Nomogram for predicting vessels encapsulating tumor clusters in hepatocellular carcinoma using DCE-CT based intratumoral heterogeneity quantification and body fat distribution: A multicenter study.
Authors
Affiliations (5)
Affiliations (5)
- Department of Radiology, The Second Qilu Hospital of Shandong University, Jinan, Shandong, 250033, People's Republic of China.
- Department of Radiology, The Second Qilu Hospital of Shandong University, Jinan, Shandong, 250033, People's Republic of China; Shandong Key Laboratory of Cancer Digital Medicine, The Second Qilu Hospital of Shandong University, Jinan, Shandong, 250033, People's Republic of China.
- Scientific Research Department, Huiying Medical Technology Co., Ltd, Beijing, 100192, People's Republic of China.
- Department of Radiology, The Qilu Hospital of Shandong University, Jinan, Shandong, 250000, People's Republic of China. Electronic address: [email protected].
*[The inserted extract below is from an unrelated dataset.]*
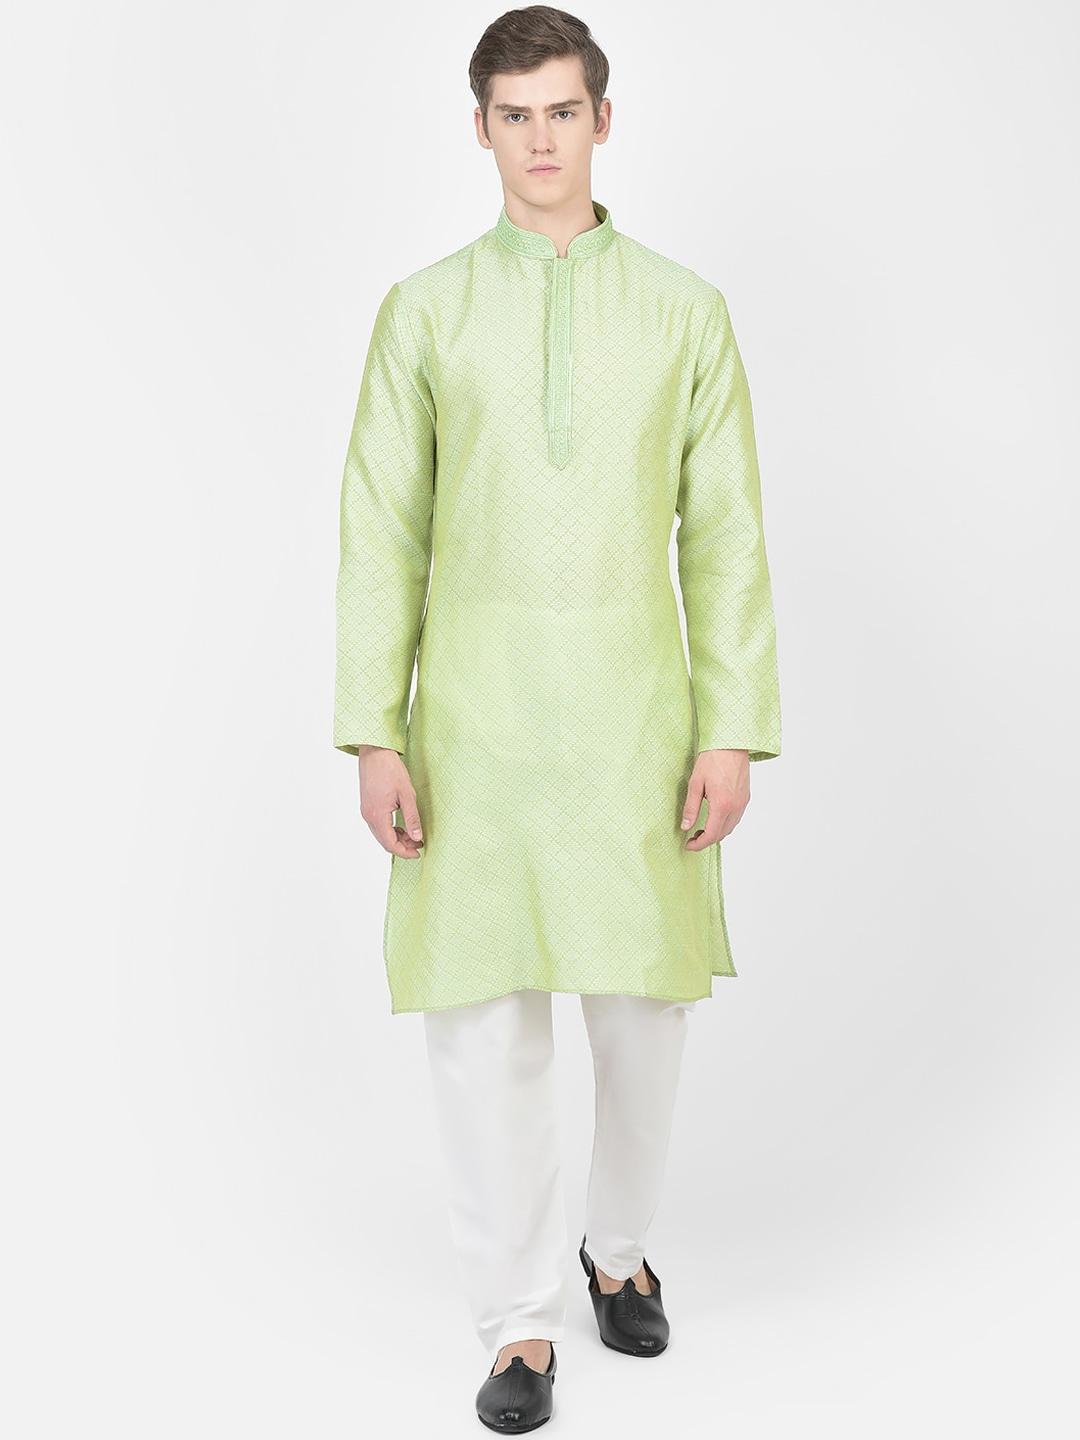 SG LEMAN Woven Design Mandarin Collar Kurta with Pyjamas

- Department of Radiology, The Second Qilu Hospital of Shandong University, Jinan, Shandong, 250033, People's Republic of China. Electronic address: [email protected].
Abstract
Vessels encapsulating tumor clusters (VETC) represent a distinct vascular architecture associated with metastasis in hepatocellular carcinoma (HCC). This study aimed to develop and externally validate a nomogram integrating intratumor heterogeneity (ITH), radiologic, clinical, and body composition features for preoperative VETC prediction. This two-center retrospective study included 360 patients with pathologically confirmed VETC status between January 2017 and June 2024. Tumors were clustered using k-means with the elbow method to derive an ITH Score quantifying spatial heterogeneity. Based on dynamic contrast-enhanced computed tomography (DCE-CT), five machine learning classifiers constructed four DCE-CT-based models: clinical-radiological-body composition (CRB), ITH Score, Rad Score, and an integrated nomogram. Performance was evaluated using area under the curve (AUC), calibration, and decision curve analysis (DCA). A two-round reader study assessed nomogram assistance. Recurrence-free survival (RFS) was analyzed using Kaplan-Meier methods. Independent predictors included intratumor necrosis, non-smooth tumor margin, total adipose tissue index (TATI), and portal venous phase ITH Score. Using a logistic regression (LR) algorithm, the integrated nomogram showed the highest discrimination in the internal and external test sets (AUCs, 0.847 and 0.814, respectively), with numerically higher AUCs than the other models. Calibration and DCA demonstrated good agreement and clinical utility. Nomogram assistance improved accuracy, particularly for the junior radiologist. VETC- patients exhibited significantly longer RFS than VETC + patients (P < 0.0001), while higher nomogram scores correlated with shorter RFS (log-rank P < 0.05). The integrated nomogram enables preoperative VETC prediction, improves radiologists' performance, and facilitates prognostic stratification in HCC.